======== Records for this task ========
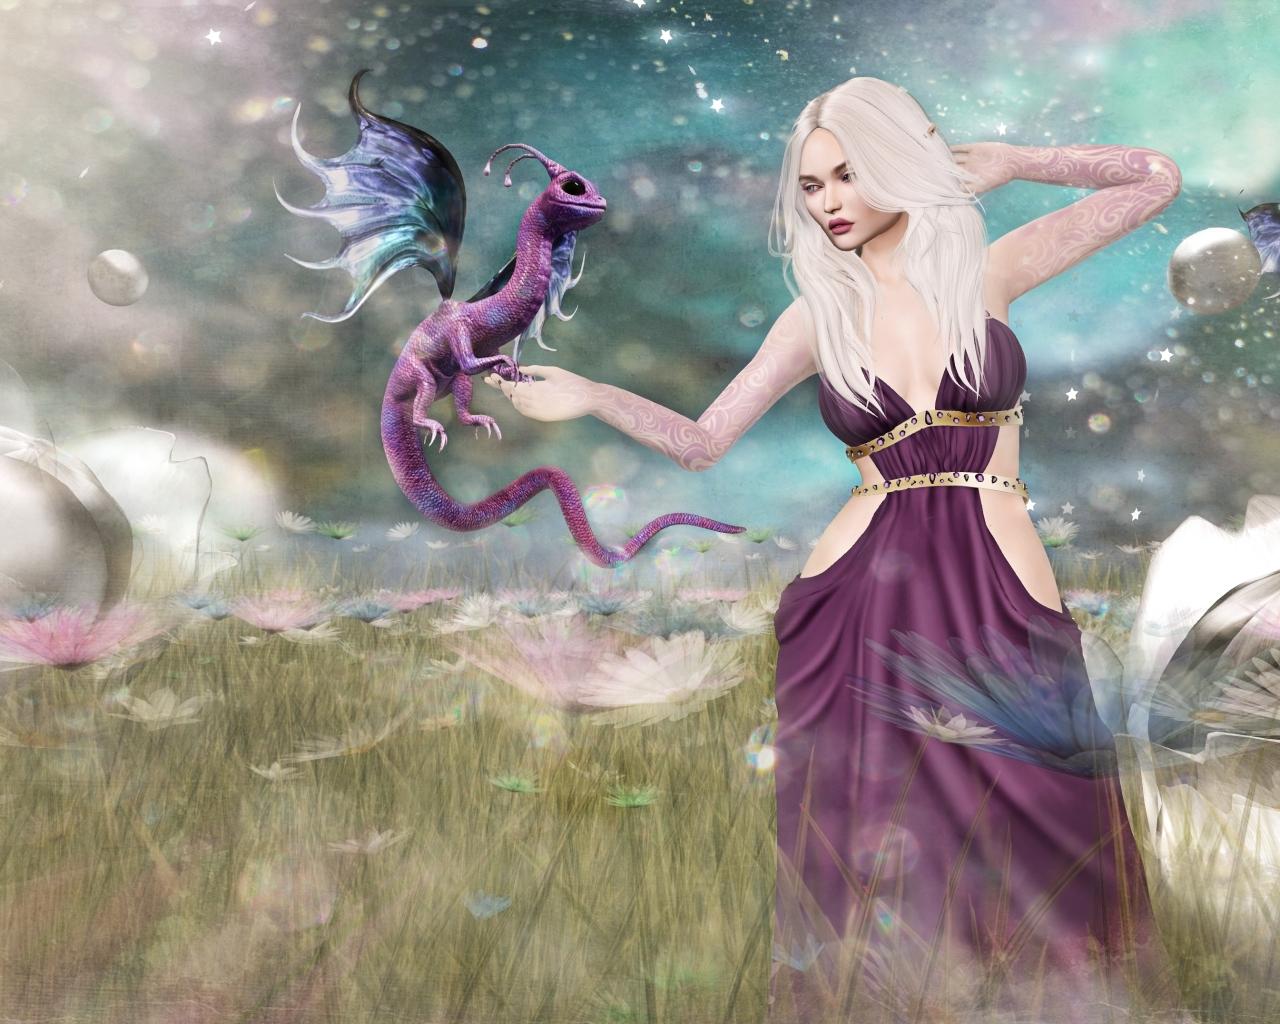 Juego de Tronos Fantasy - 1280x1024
========
======== Records for this task ========
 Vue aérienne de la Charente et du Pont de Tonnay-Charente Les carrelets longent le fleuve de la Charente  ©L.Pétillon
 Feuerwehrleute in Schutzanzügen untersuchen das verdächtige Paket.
========
======== Records for this task ========
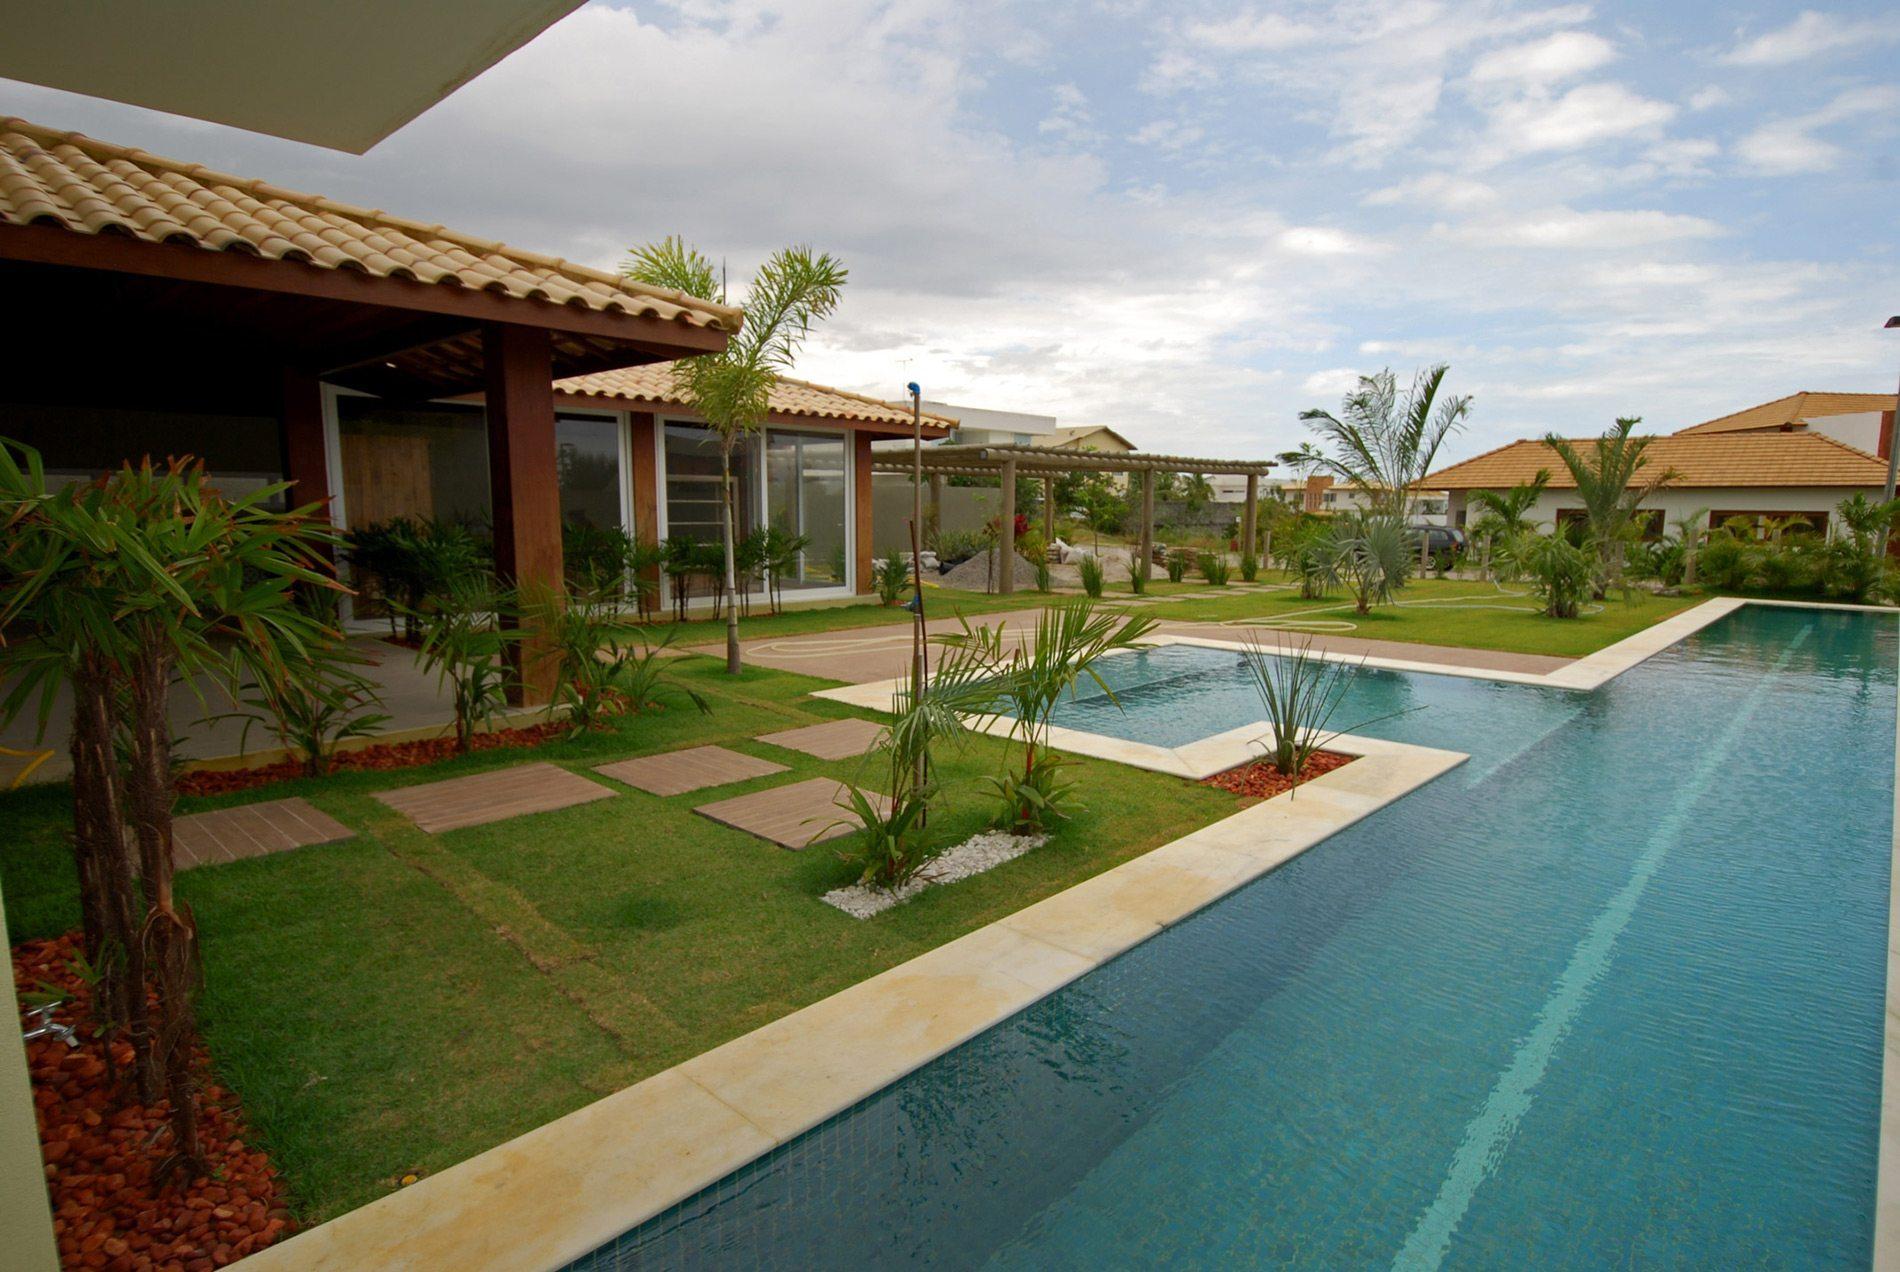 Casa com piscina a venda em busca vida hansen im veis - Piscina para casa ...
========
> **Instructions to follow**: Above are the entries. Output exactly the lines beginning with the line that has "Vue aérienne de" and ending with the line that has "Feuerwehrleute in Schutzanzügen".

> **Solution for this task**:
 Vue aérienne de la Charente et du Pont de Tonnay-Charente Les carrelets longent le fleuve de la Charente  ©L.Pétillon
 Feuerwehrleute in Schutzanzügen untersuchen das verdächtige Paket.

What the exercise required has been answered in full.